## Material supplied
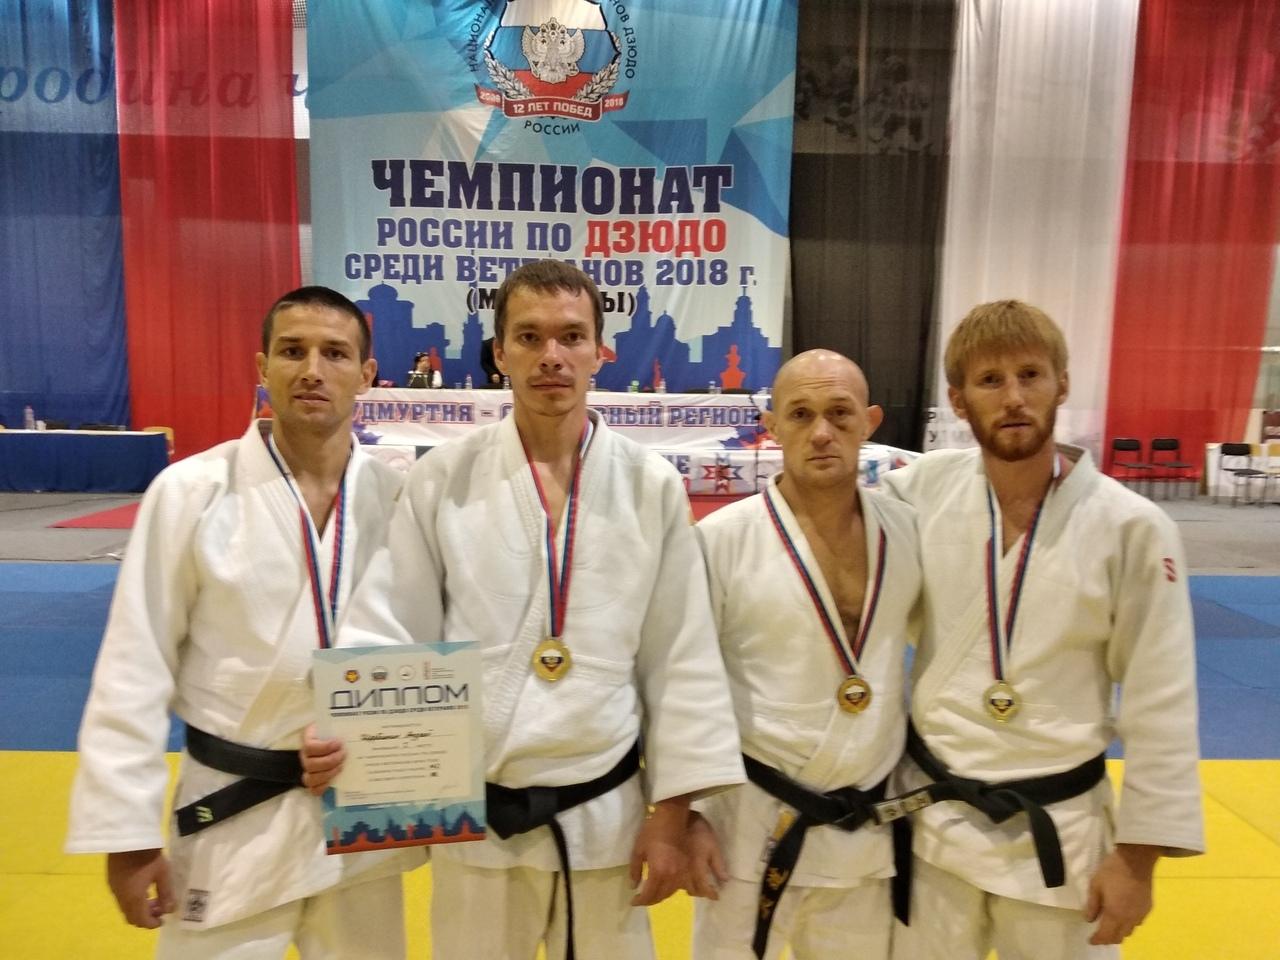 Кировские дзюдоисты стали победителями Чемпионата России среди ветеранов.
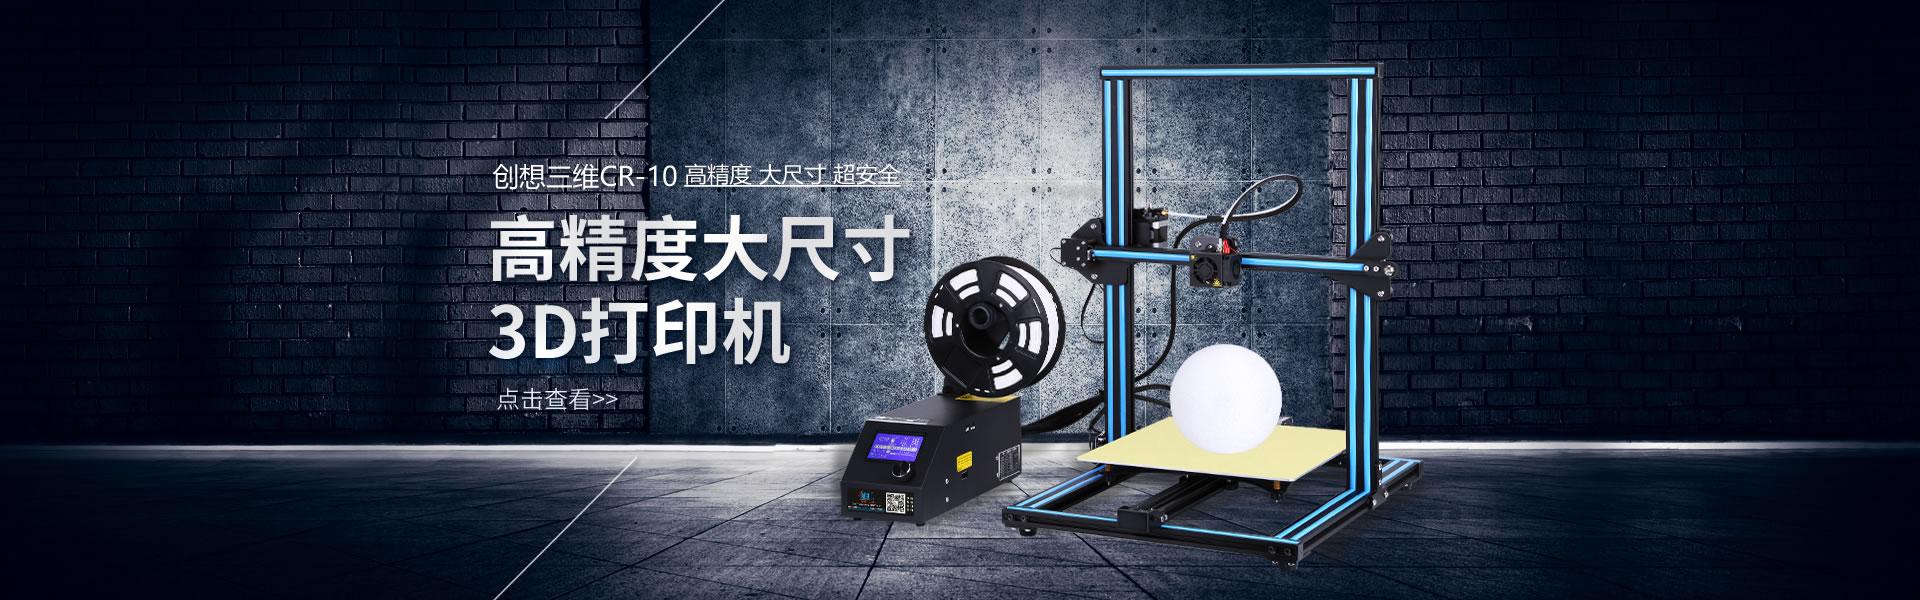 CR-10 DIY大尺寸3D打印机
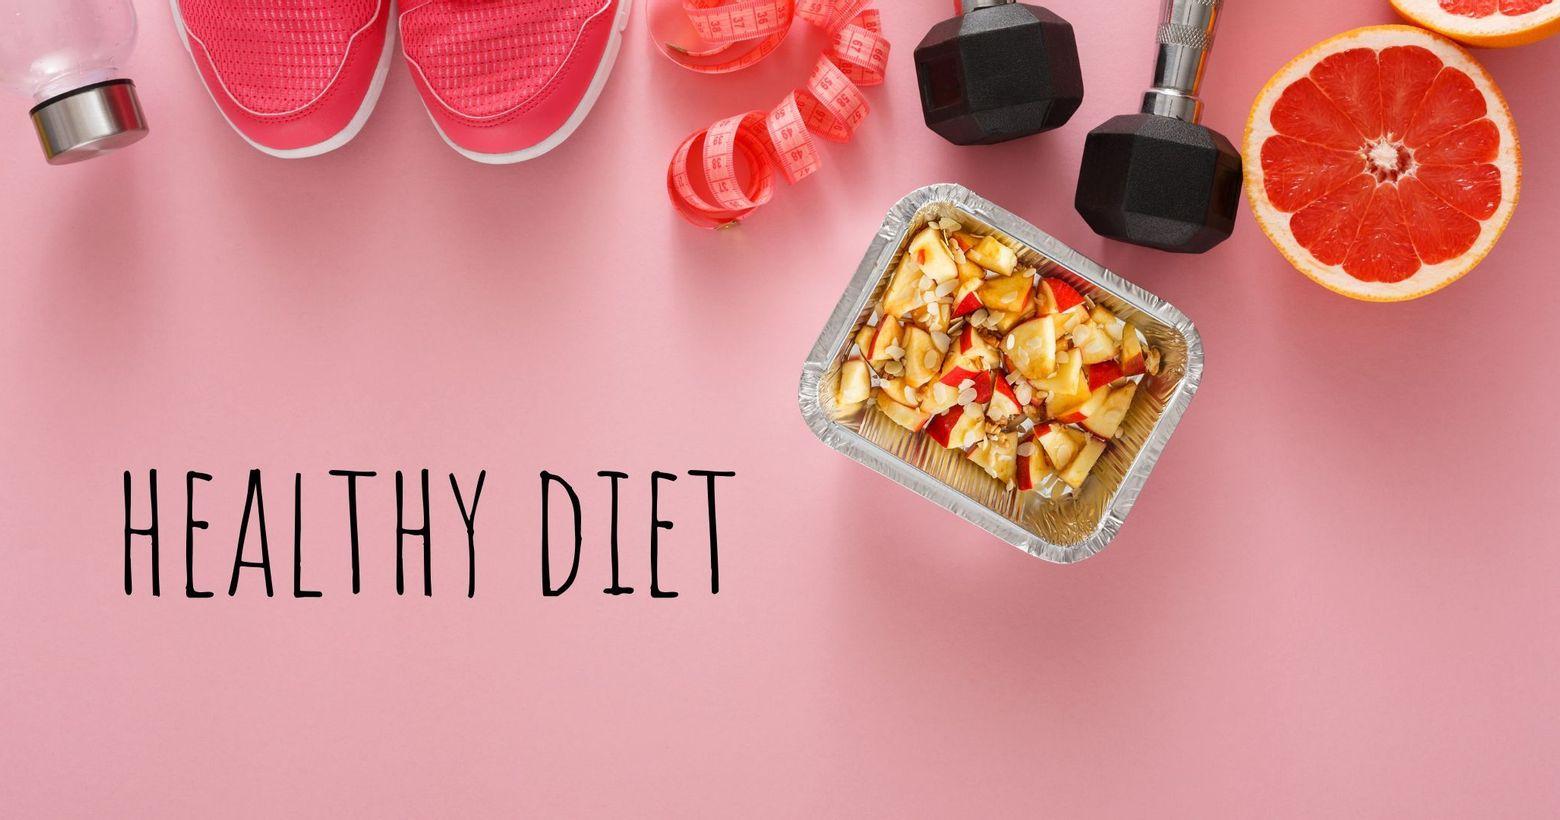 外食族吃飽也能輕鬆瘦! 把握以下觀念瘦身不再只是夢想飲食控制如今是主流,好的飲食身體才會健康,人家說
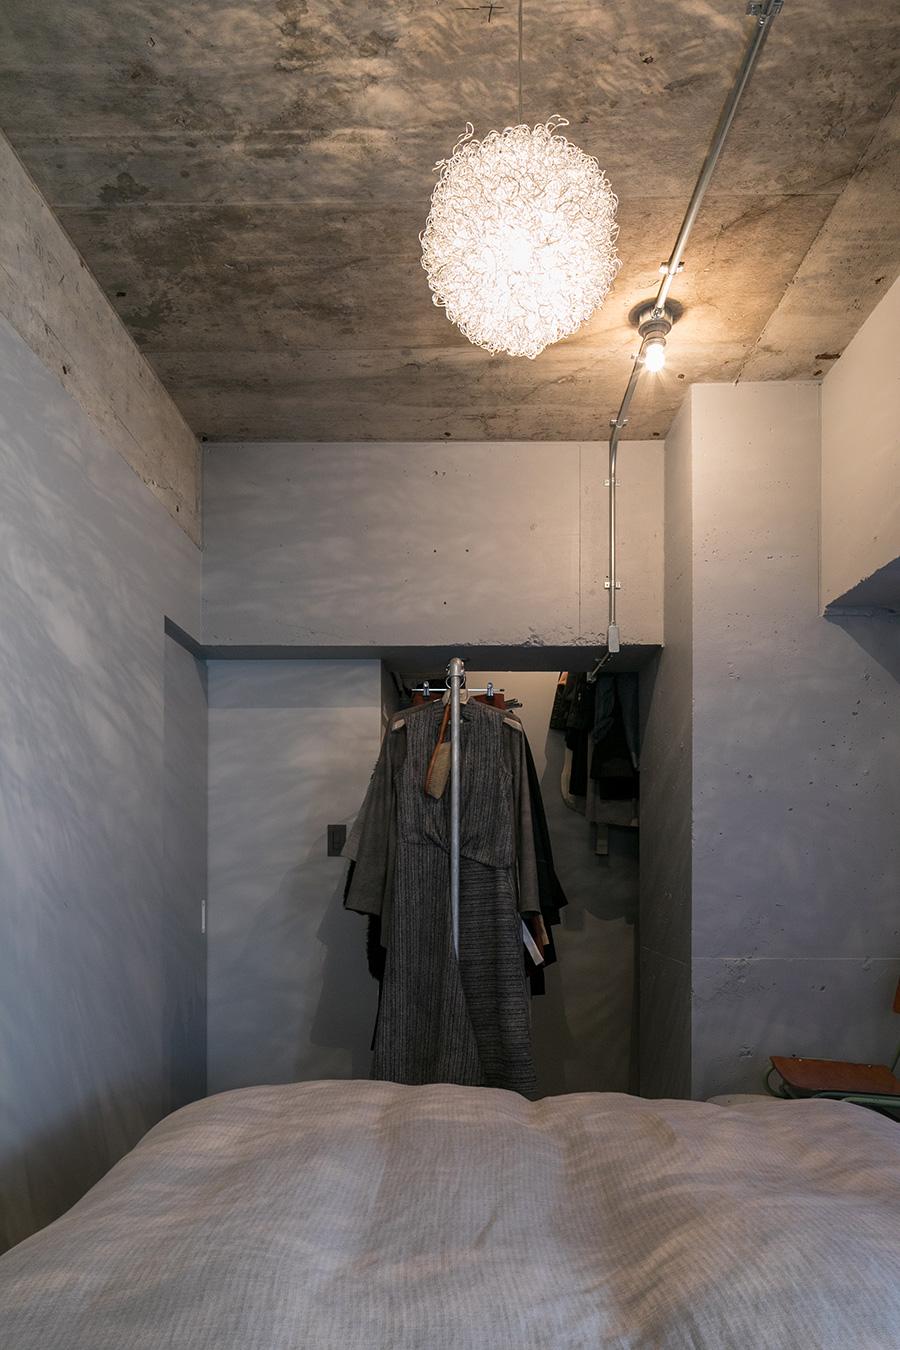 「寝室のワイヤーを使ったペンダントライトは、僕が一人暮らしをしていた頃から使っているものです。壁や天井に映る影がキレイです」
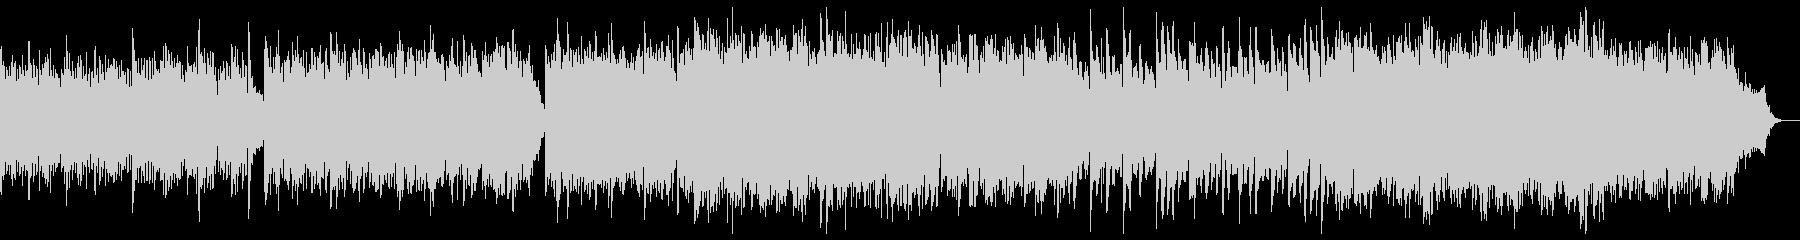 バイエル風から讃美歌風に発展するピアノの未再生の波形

## Exercise directions
Starting with the line that holds "外食族吃飽也能輕鬆瘦! 把握", retype each line through the last one in the listing above, exactly as written. Do not copy any pictures.

## Answer space
 外食族吃飽也能輕鬆瘦! 把握以下觀念瘦身不再只是夢想飲食控制如今是主流,好的飲食身體才會健康,人家說
 「寝室のワイヤーを使ったペンダントライトは、僕が一人暮らしをしていた頃から使っているものです。壁や天井に映る影がキレイです」
 バイエル風から讃美歌風に発展するピアノの未再生の波形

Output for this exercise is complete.